Economic growth is defined as the escalating aptitude of the economy to gratify the desires of its members. Economic growth is facilitated by the increases in productivity, which lowers the inputs for a known quantity of output. Lowered costs boost the demand for goods and services. Economic growth is also the effect of innovative products and services.
Our group has selected the “Big Push Model” since we understand what it means and we can relate it to the Republic of the Philippines setting.
From the Wikipedia.org, the Big Push is a concept in development economics or welfare economics that emphasizes the fact that a firm's decision, whether to industrialize or not, depends on its expectation of what other firms will do. It assumes economies of scale and oligopolistic (small number of sellers) market structure and explains when industrialization would happen.
In this theory, it was emphasized that in order to be more productive and an industrialized country, we need to give enormous investments in infrastructures and education, in which these two can have a big, positive effect in our country if we give enough notice.
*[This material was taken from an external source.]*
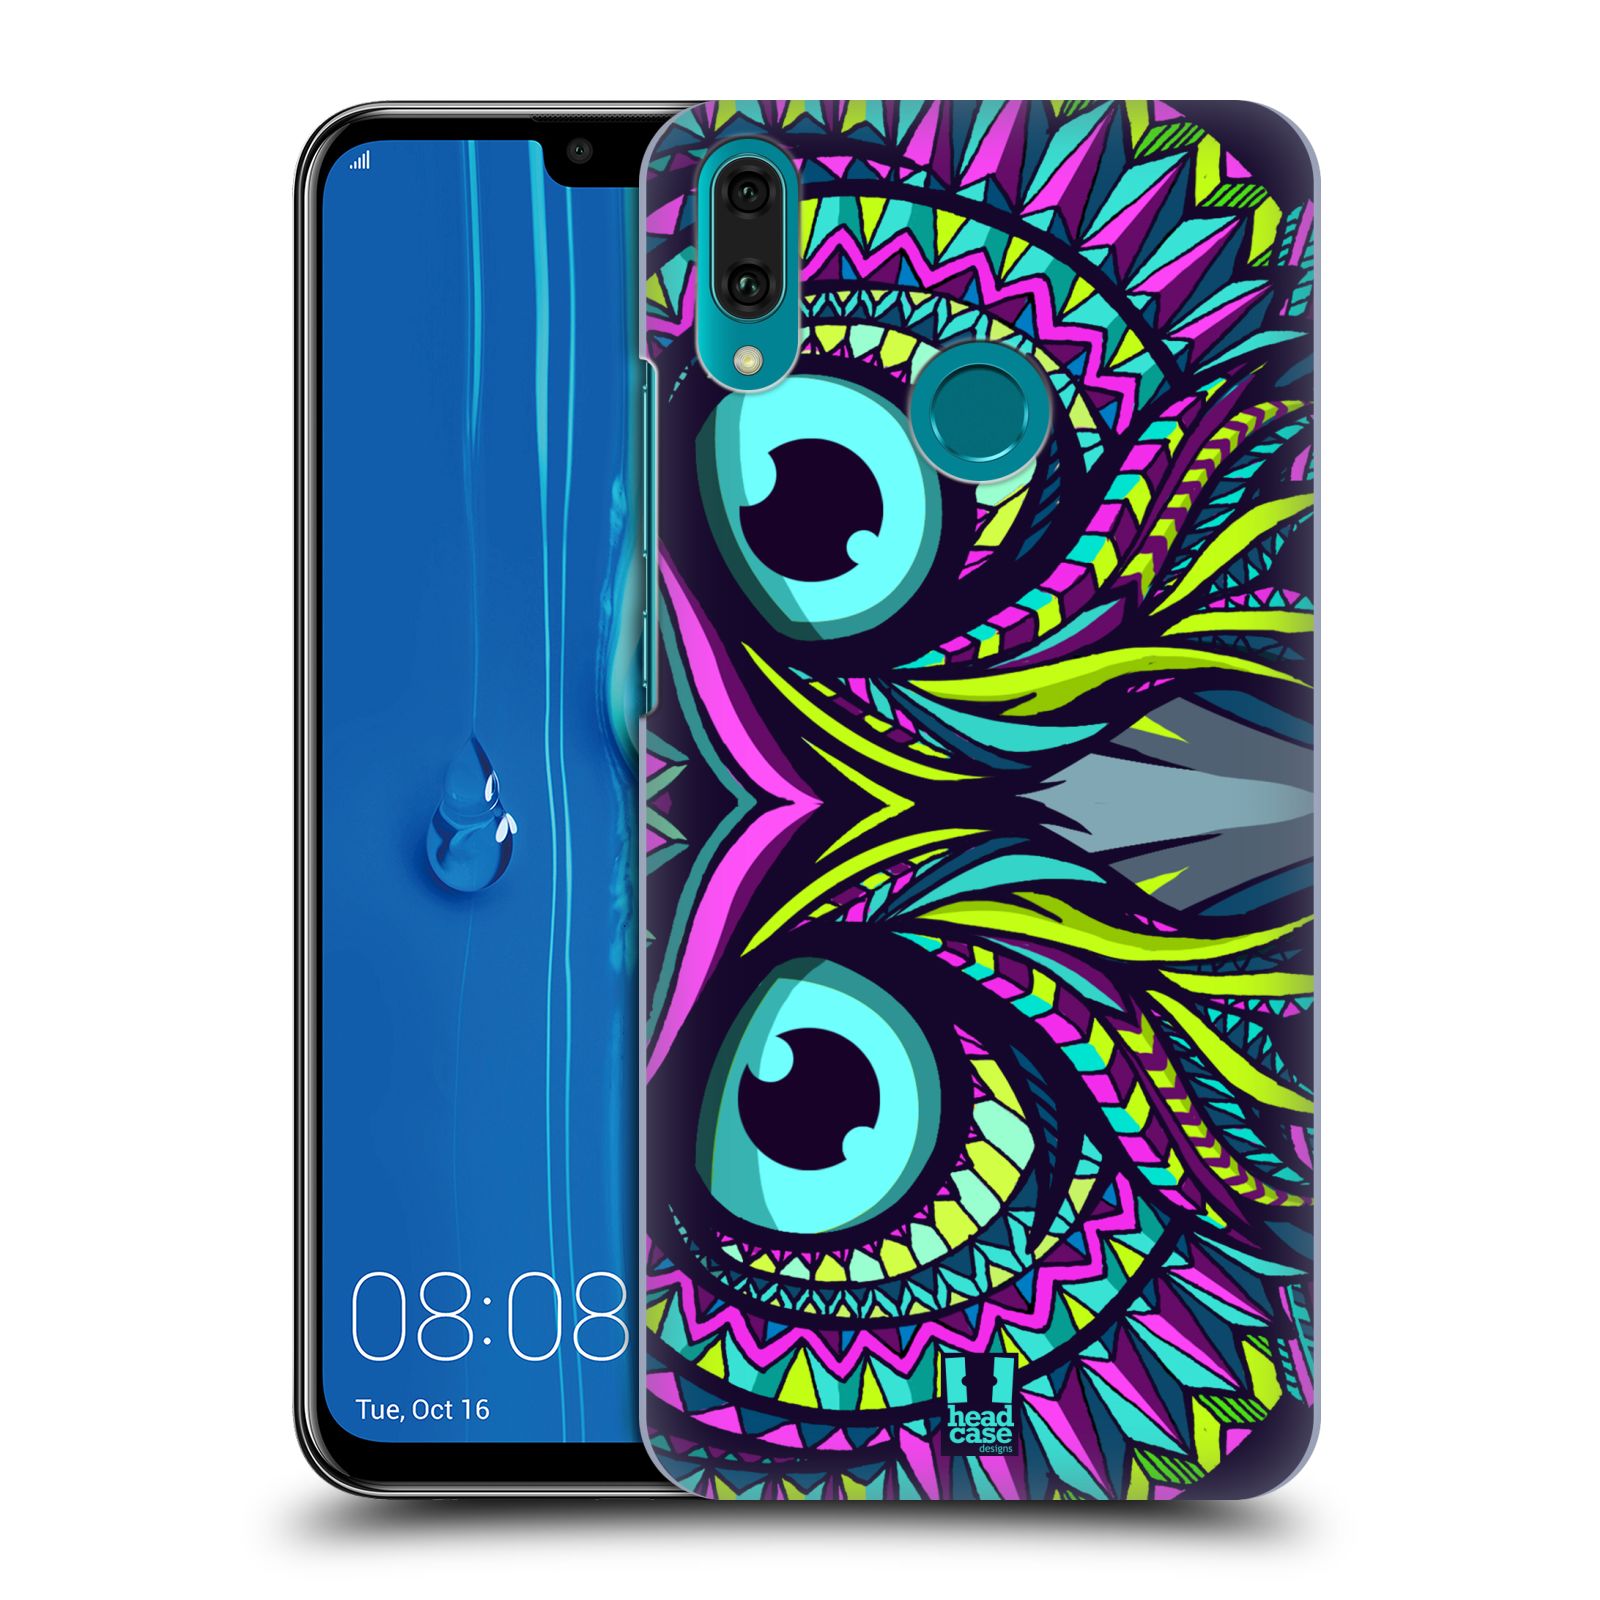 Pouzdro na mobil Huawei Y9 2019 - HEAD CASE - vzor Aztécký motiv zvíře sova

In the Republic of the Philippines setting, we need to consider this theory because it can help our country to progress, especially, there is a Budget-Cut on Education nowadays because of Aquino’s notion to gradually reduce the subsidy to SUCs to push them toward becoming self-sufficient and financially independent, given their ability to raise their income and to utilize it for their programs and projects. He should not do that because prioritizing education here in our country is the most brilliant idea a president would have, as the sayings goes “Education is the key to success.” It’s true. Giving a cut to the budget means lesser opportunity to be productive at school and because of that intelligence does not increase too.